Requirement: Find the line containing "Three Steps in" in the material below, then please transcribe it and each line after it exactly, without the pictures.

Material provided:
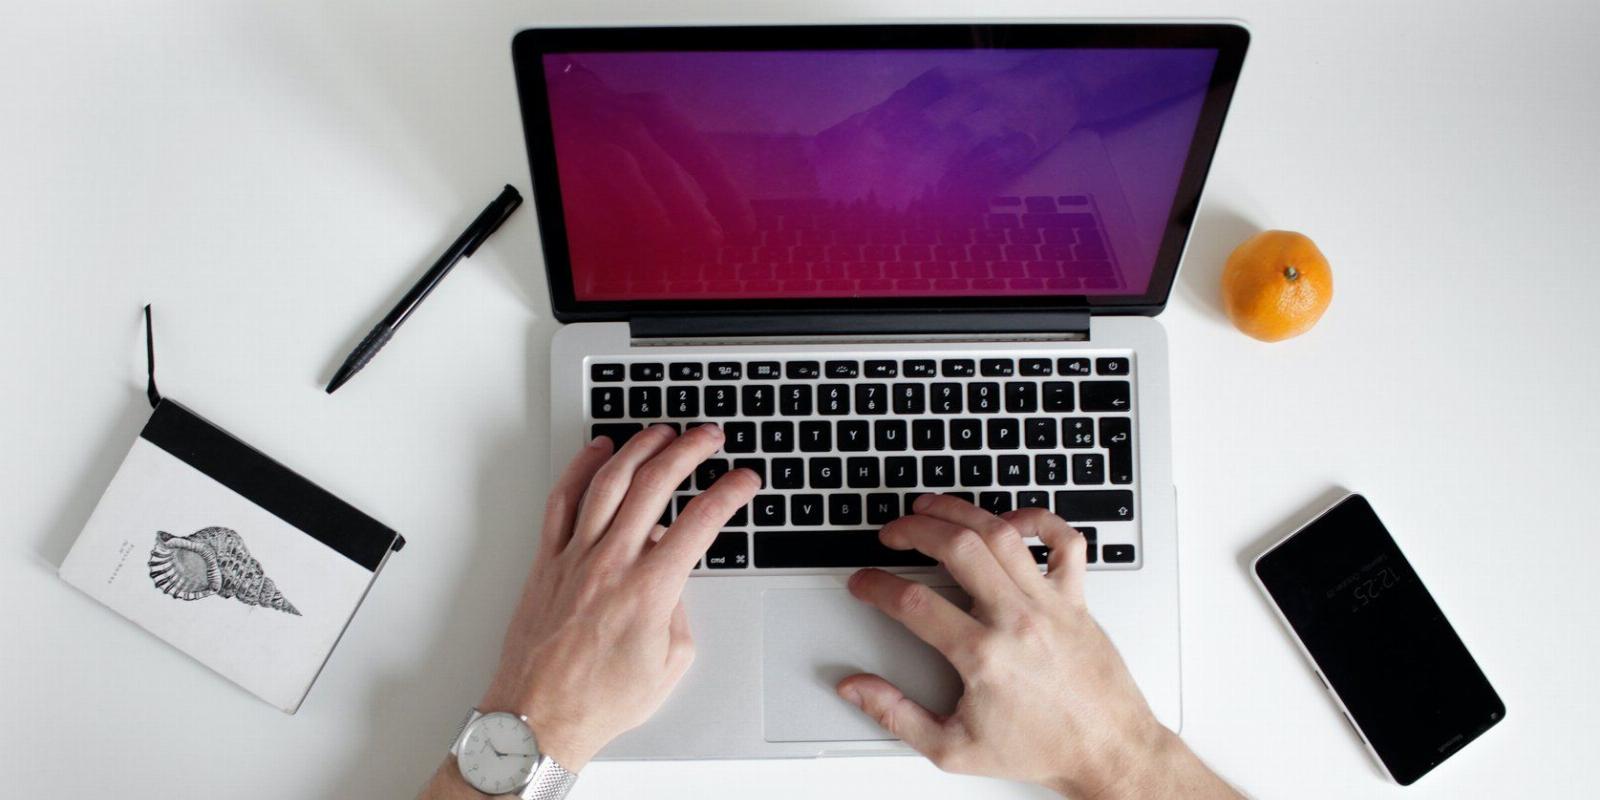 8 Ways to Fix the Windows Desktop When It Turns Pink or Purple
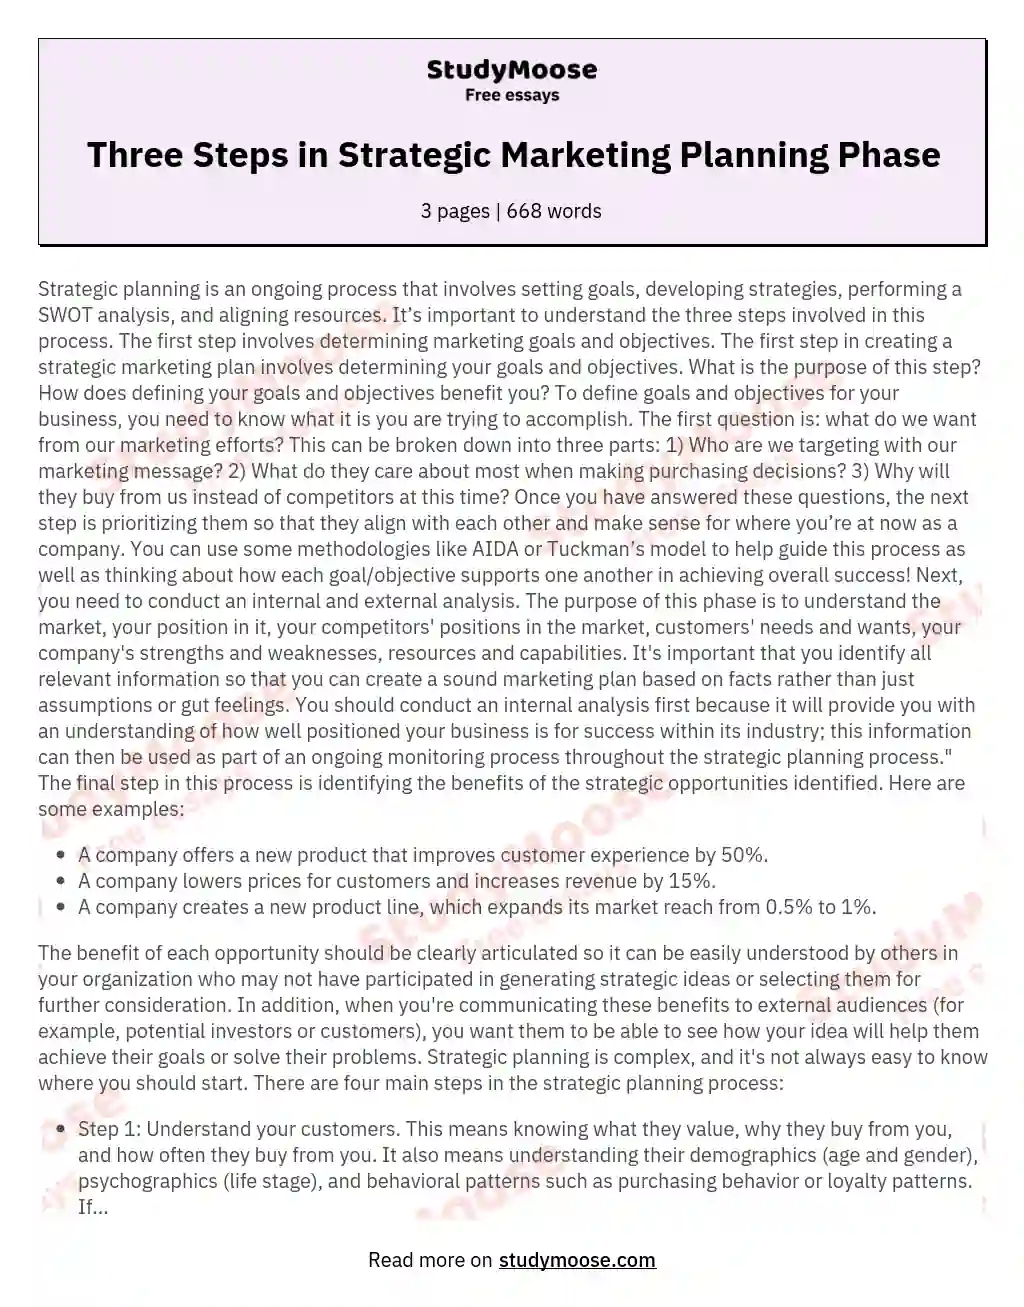 Three Steps in Strategic Marketing Planning Phase essay
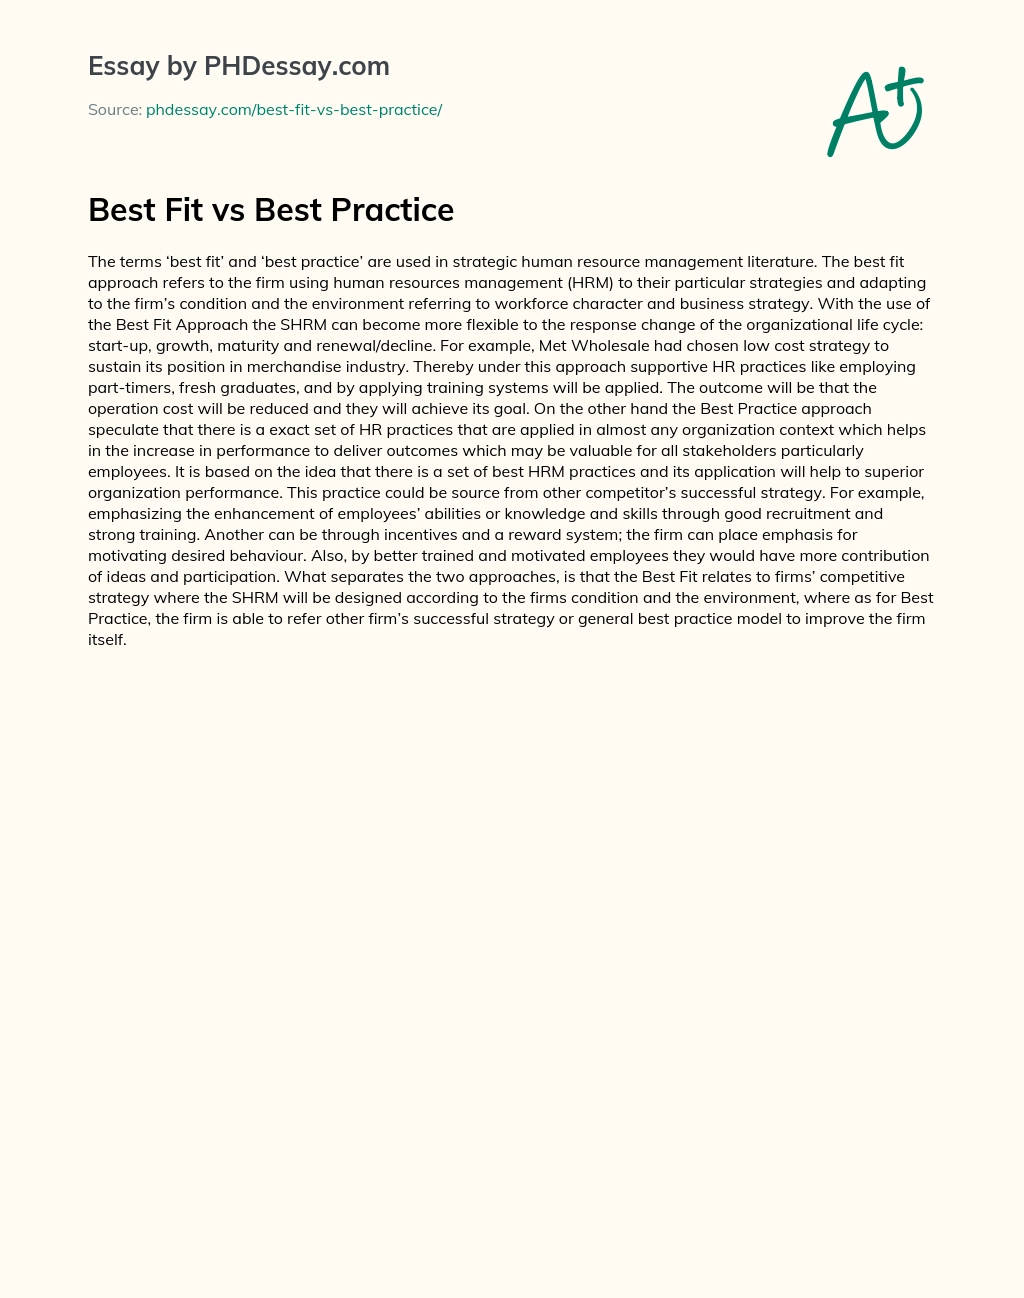 Best Fit vs Best Practice essay

Reply:
 Three Steps in Strategic Marketing Planning Phase essay
 Best Fit vs Best Practice essay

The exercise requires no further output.